TASK GOAL =>
When you write out the listing, keep each word exactly as it stands but include none of its images.

DATA SECTION =>
....

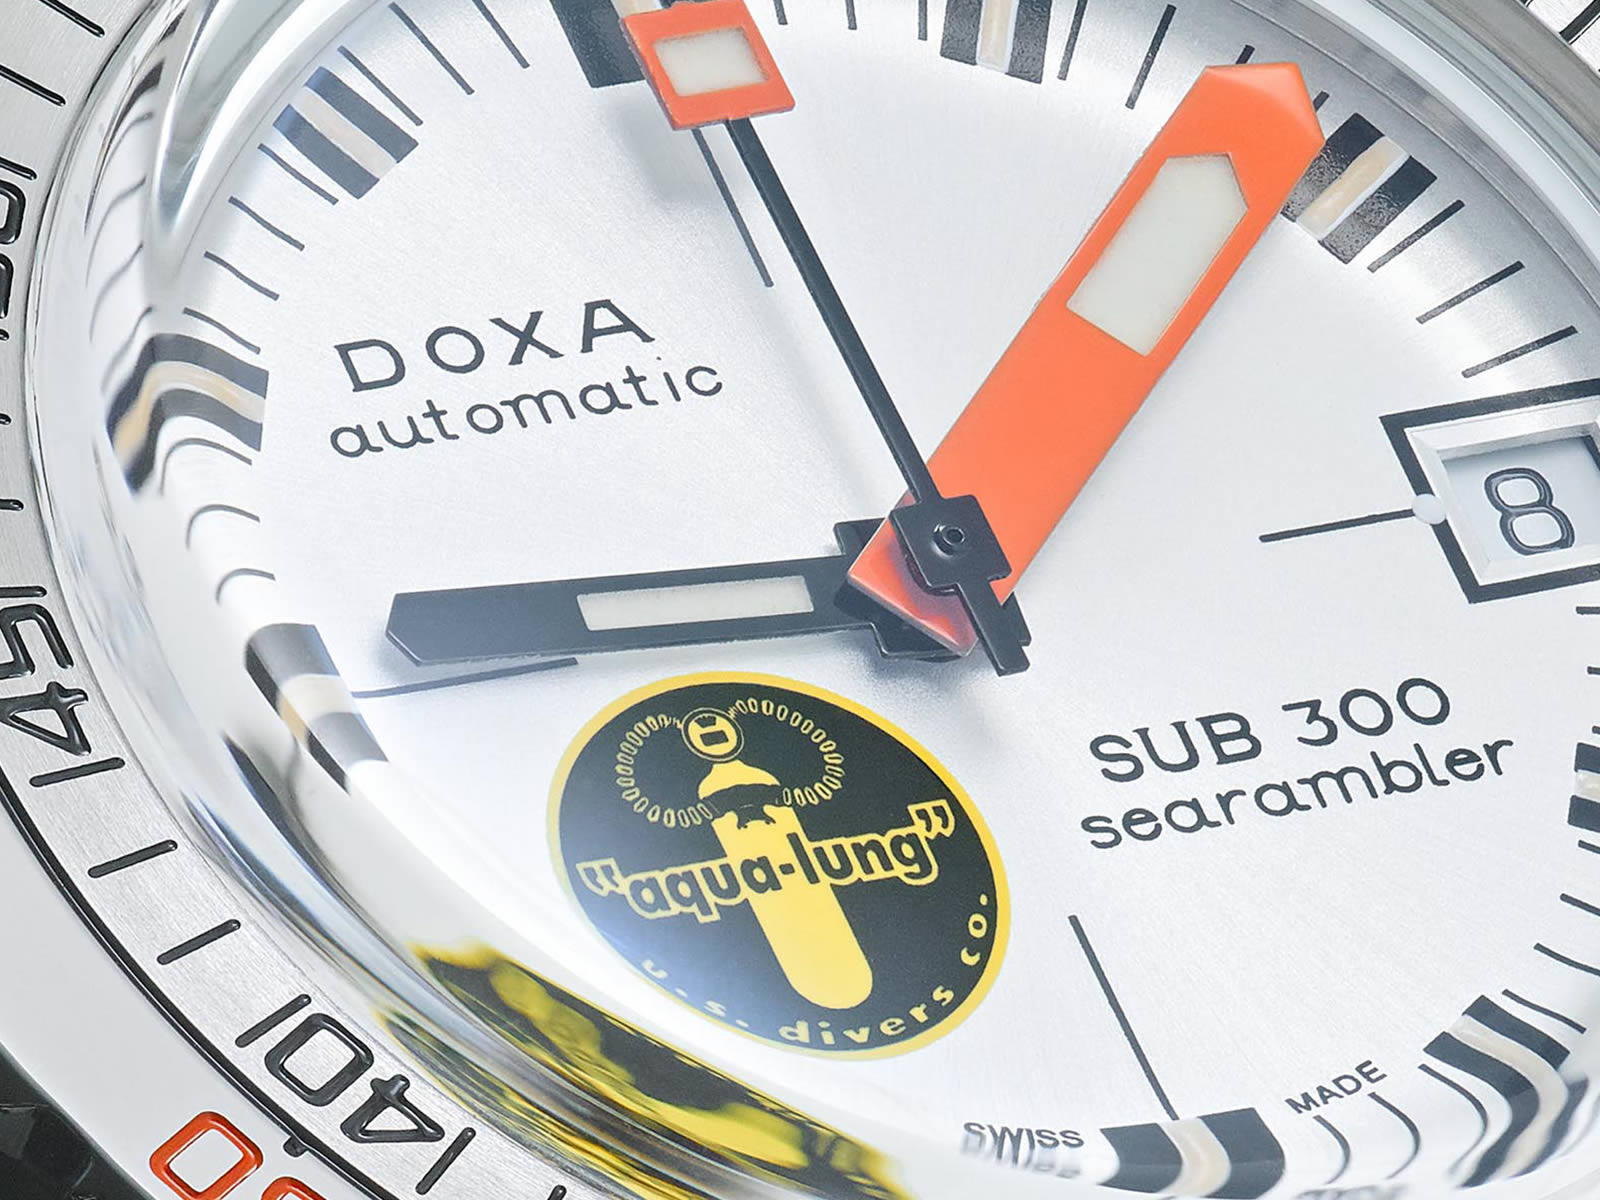 doxa-sub-300-searambler-silver-lung-5-.jpg
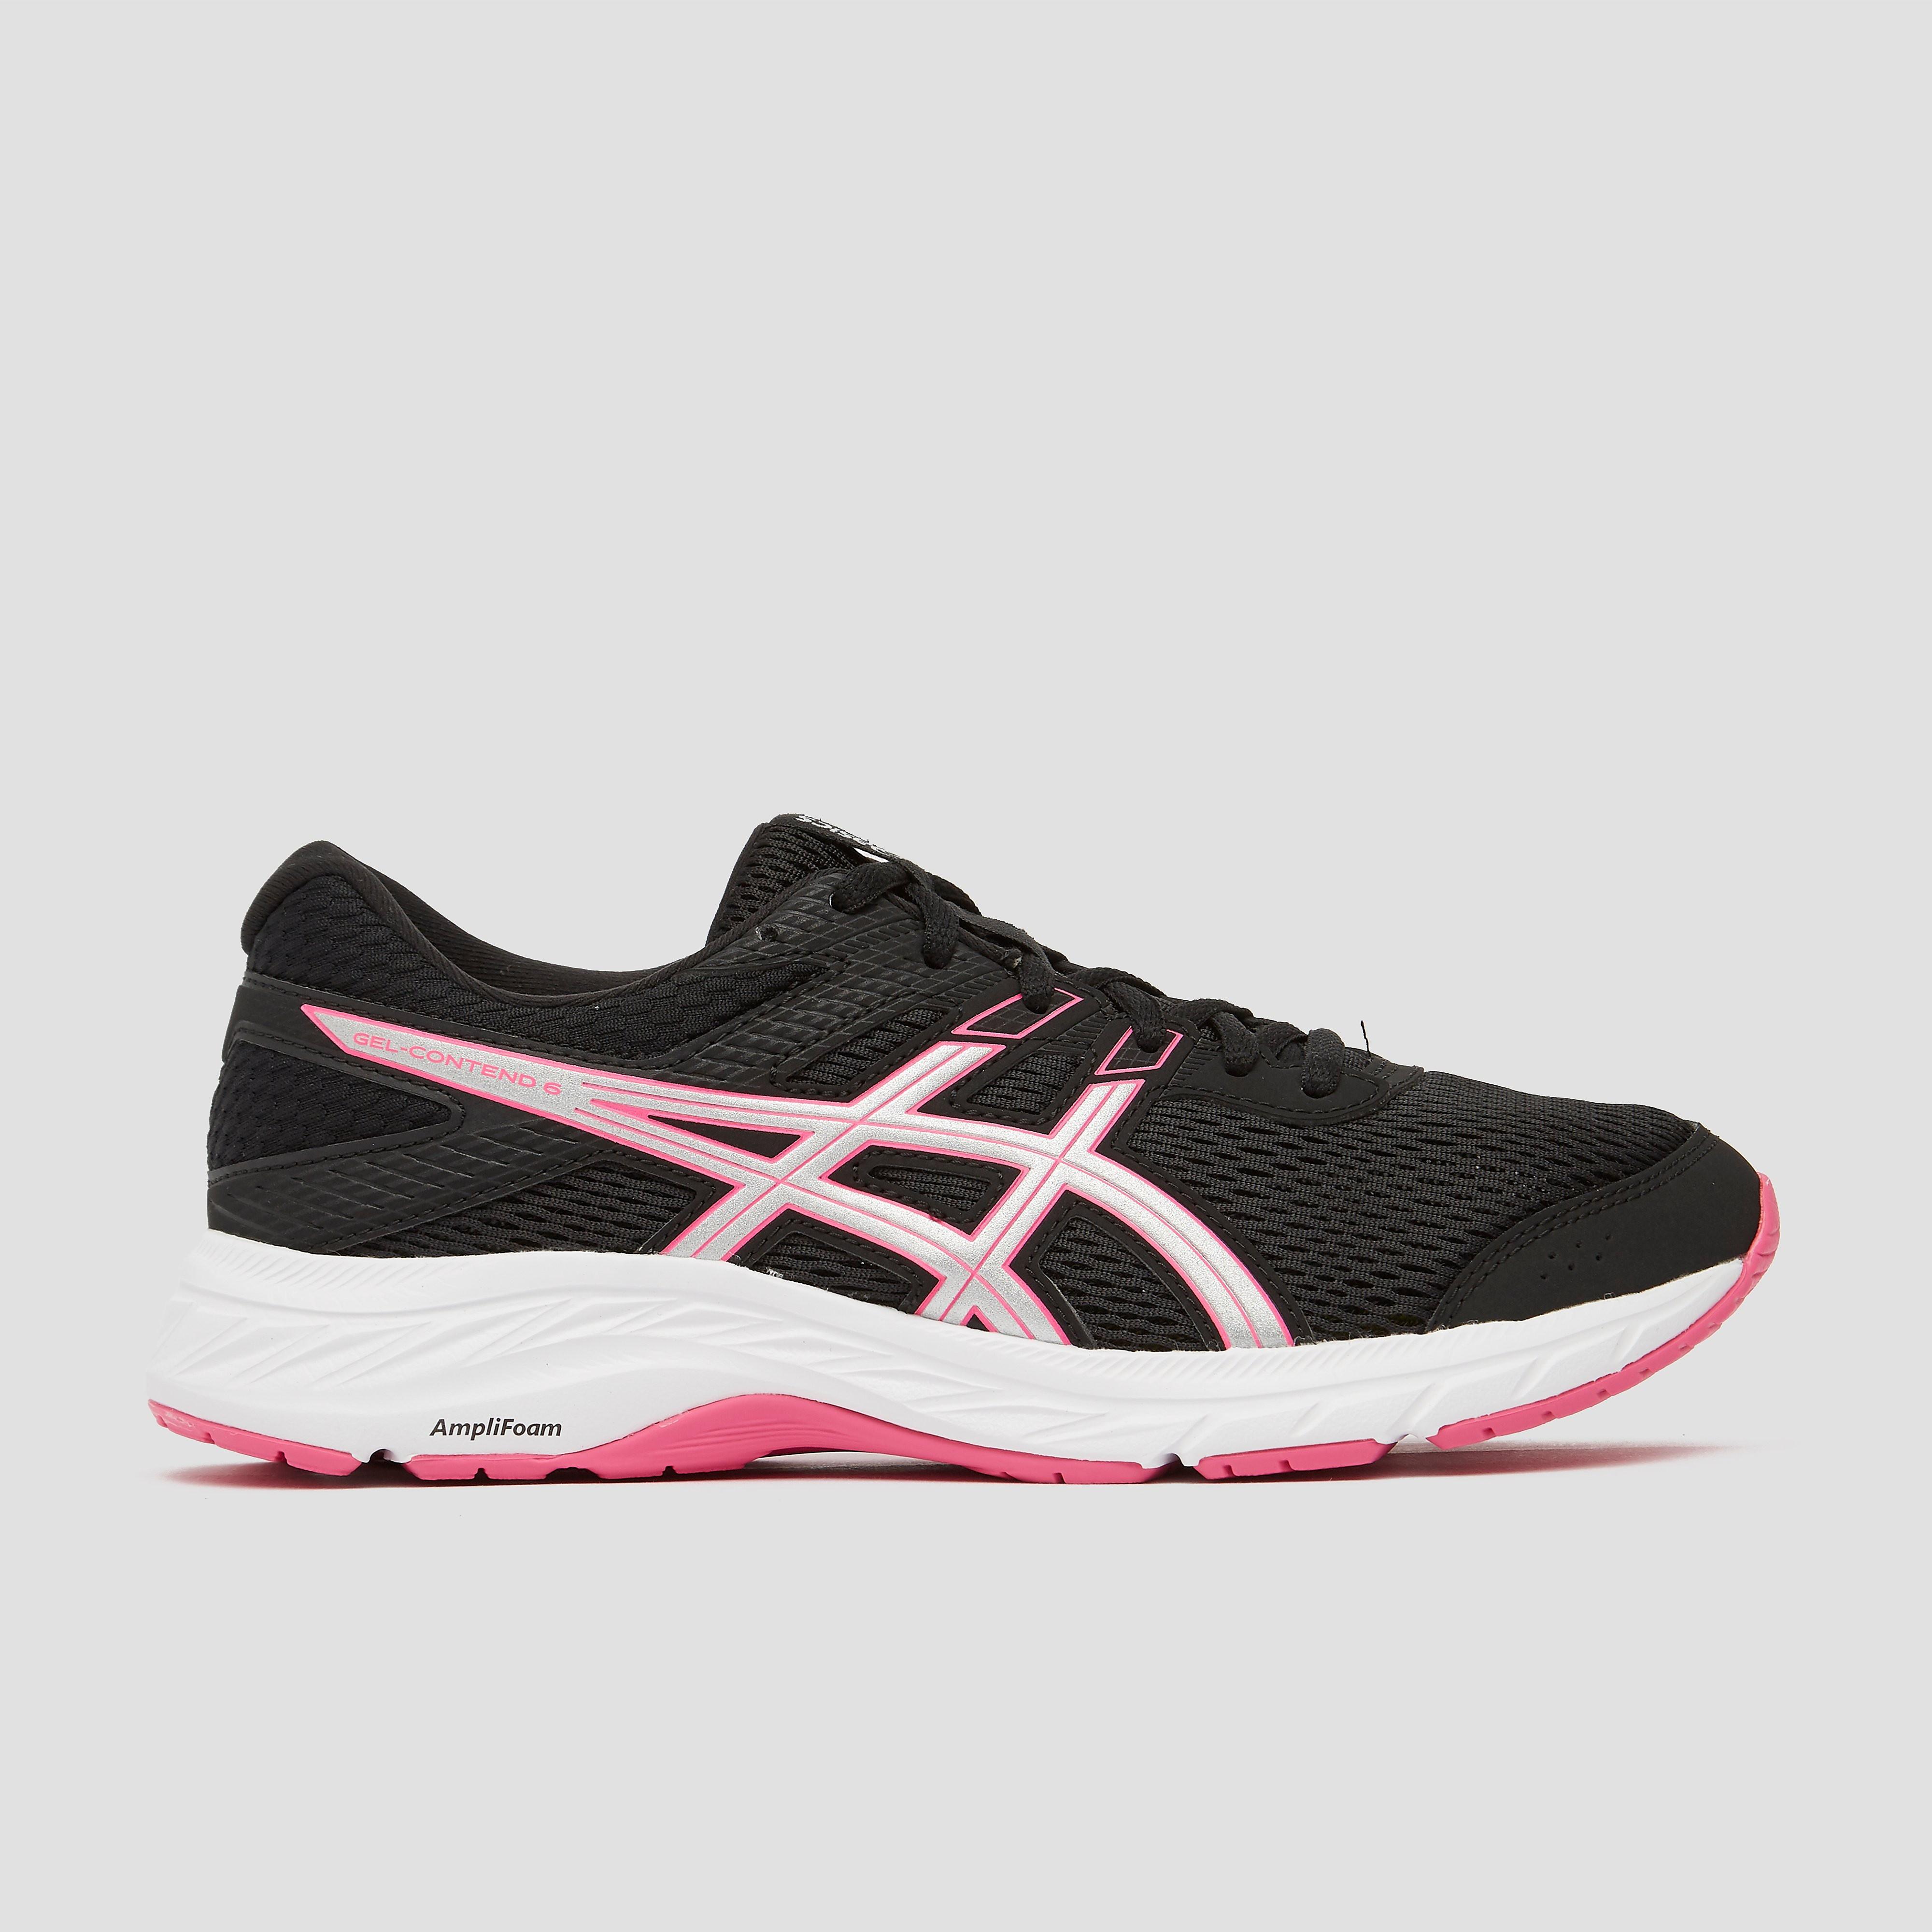 ASICS Gel-contend 6 hardloopschoenen zwart-roze dames Dames
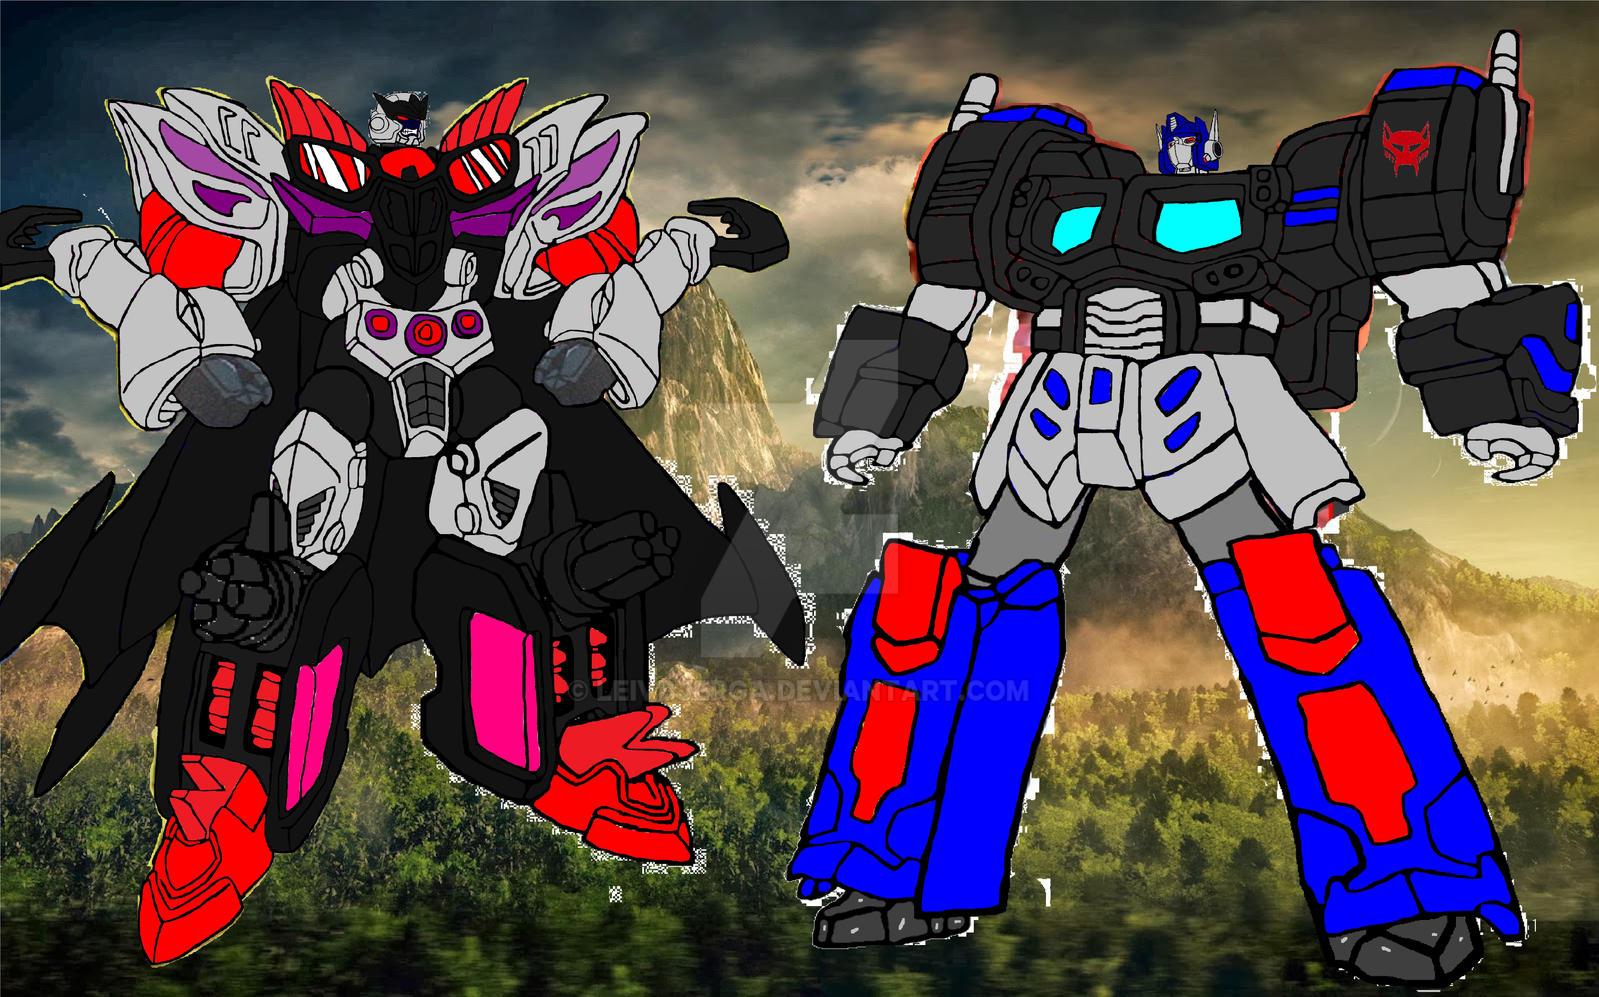 tf beast wars future optimus primal vs megatron by
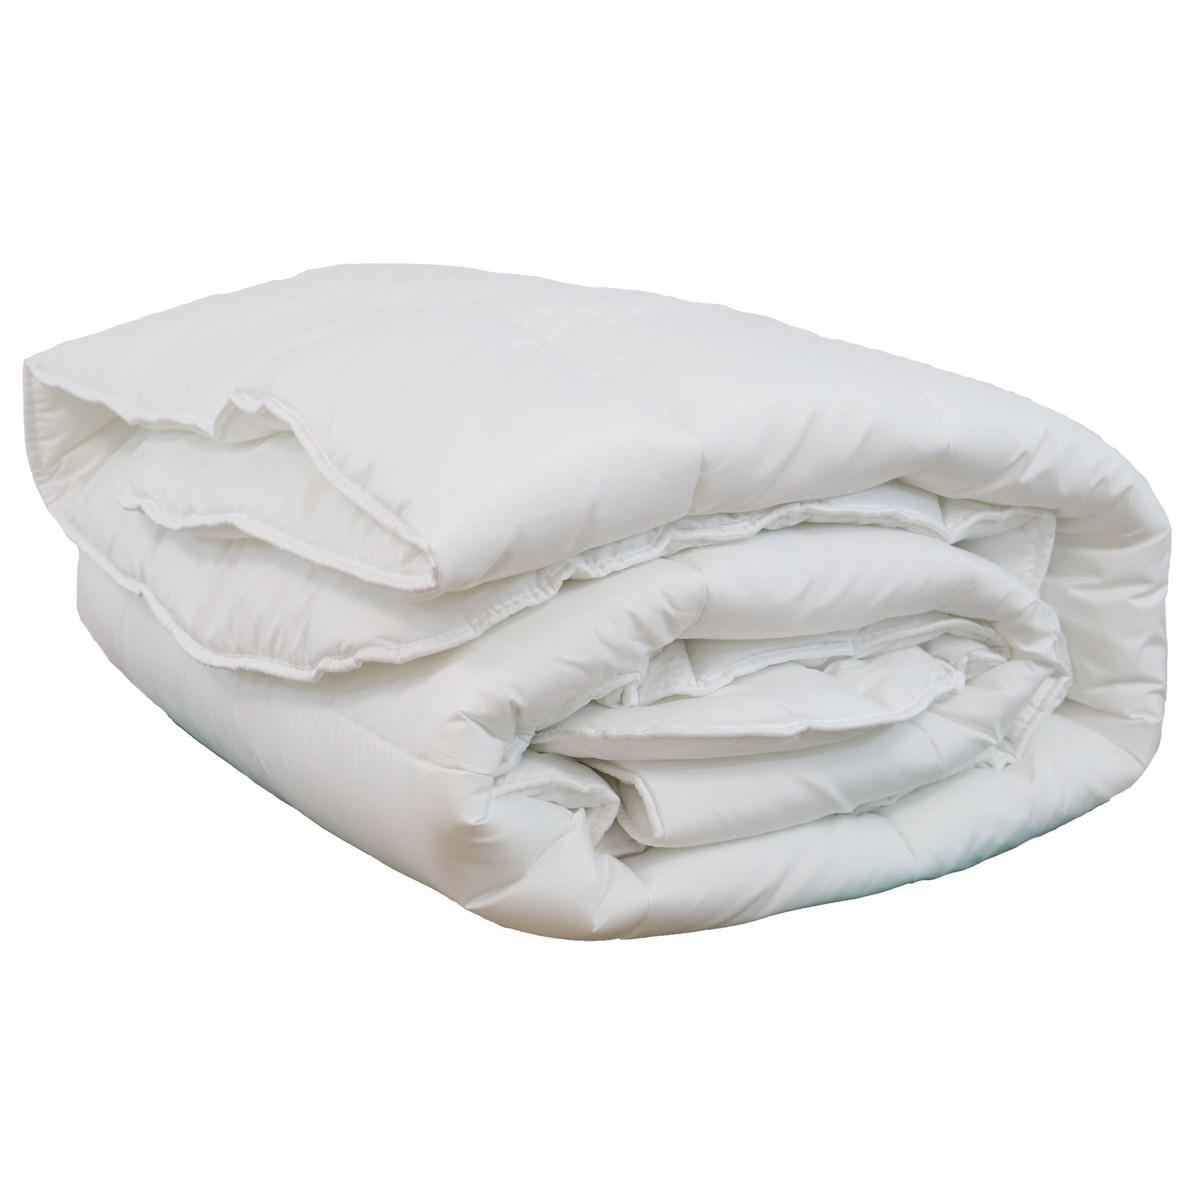 Couette blanche 550gr hiver en polyester blanc 140x200 cm

....

SOLUTION TO THE PROBLEM =>
 doxa-sub-300-searambler-silver-lung-5-.jpg
 ASICS Gel-contend 6 hardloopschoenen zwart-roze dames Dames
 tf beast wars future optimus primal vs megatron by
 Couette blanche 550gr hiver en polyester blanc 140x200 cm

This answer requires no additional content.